→ **Task objective**: Provide an exact copy of the data, excluding the images.

→ **Dataset content**:
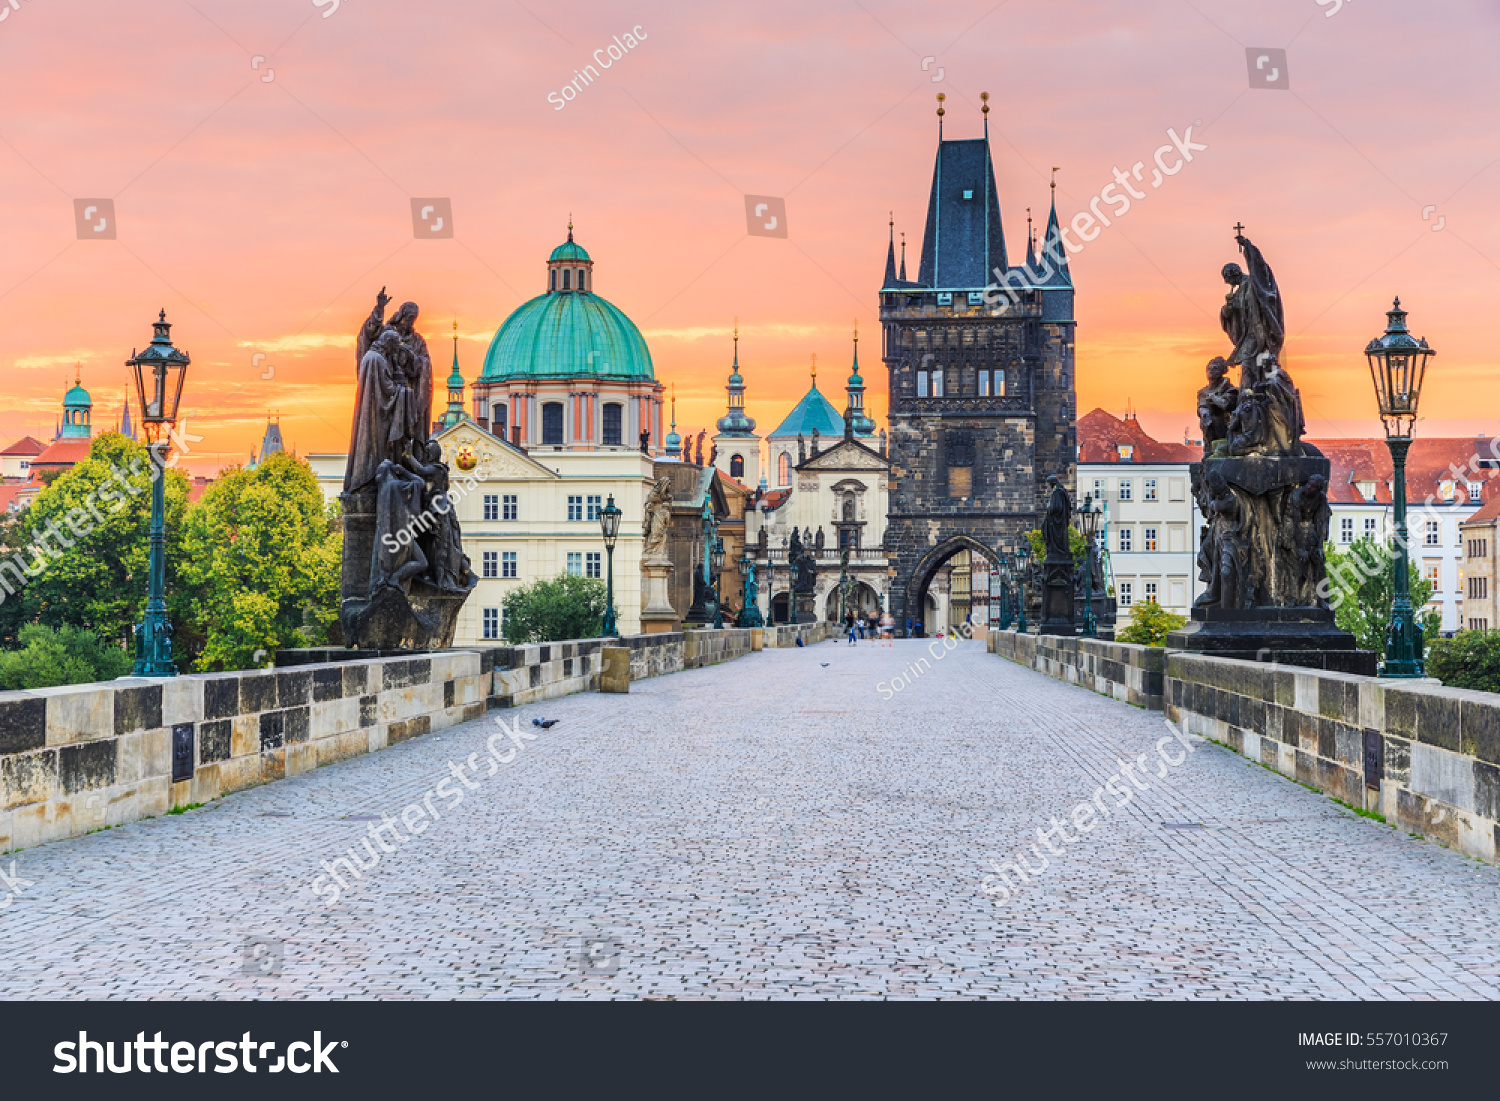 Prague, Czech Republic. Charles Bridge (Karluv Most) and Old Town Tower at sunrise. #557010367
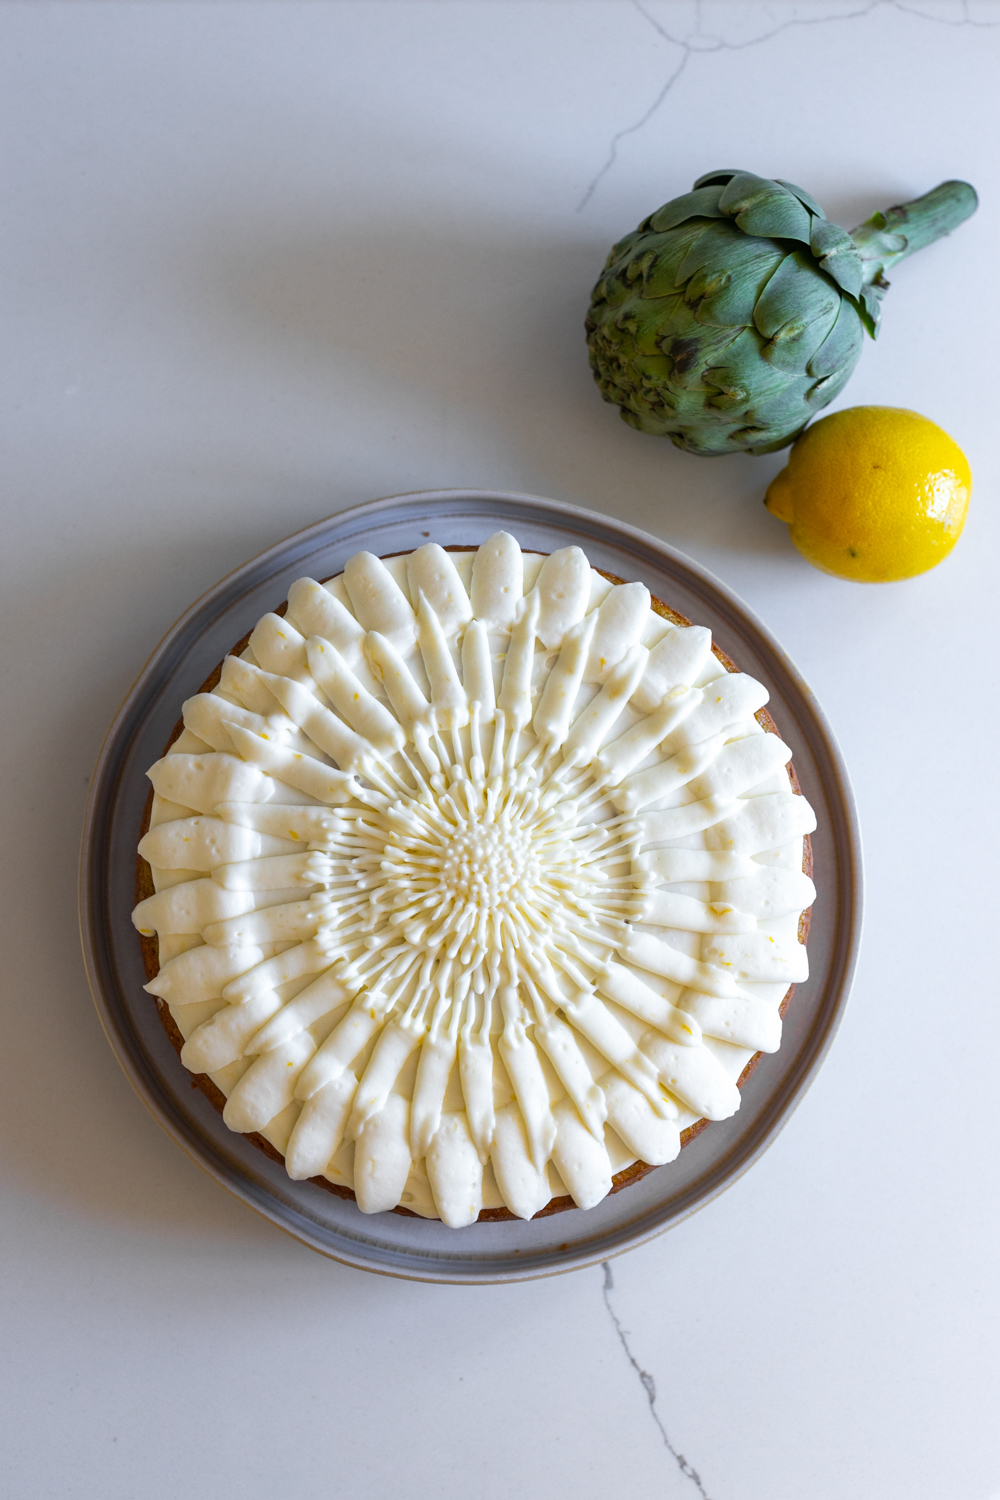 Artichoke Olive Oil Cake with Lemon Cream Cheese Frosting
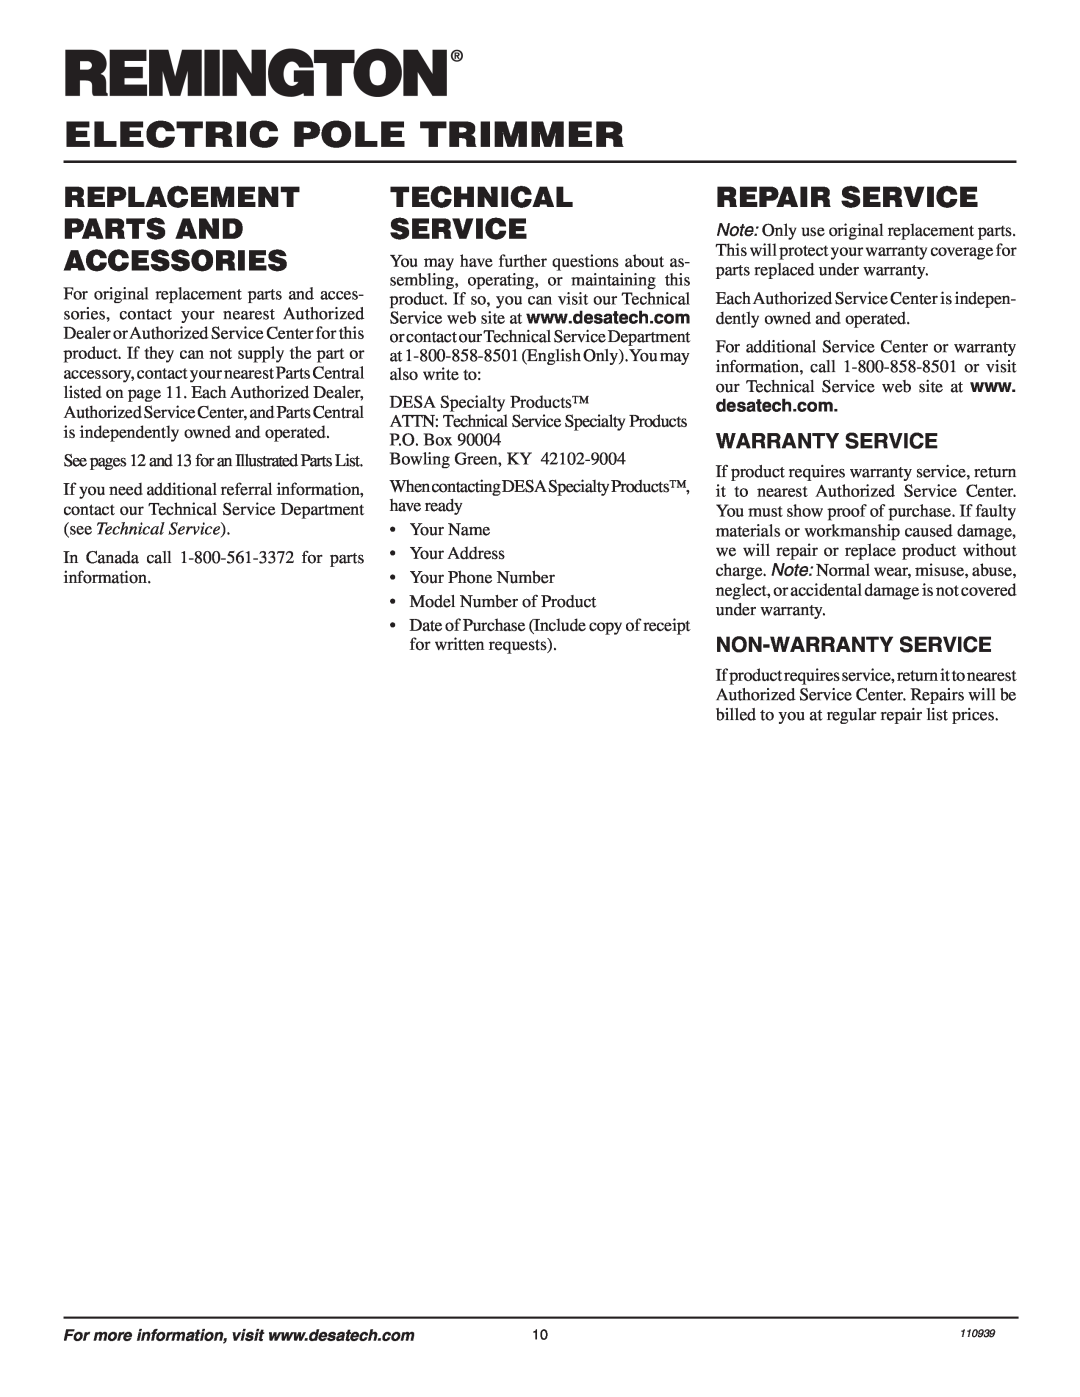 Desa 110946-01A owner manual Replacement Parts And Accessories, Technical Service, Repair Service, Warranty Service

→ **The answer**:
 Prague, Czech Republic. Charles Bridge (Karluv Most) and Old Town Tower at sunrise. #557010367
 Artichoke Olive Oil Cake with Lemon Cream Cheese Frosting
 Desa 110946-01A owner manual Replacement Parts And Accessories, Technical Service, Repair Service, Warranty Service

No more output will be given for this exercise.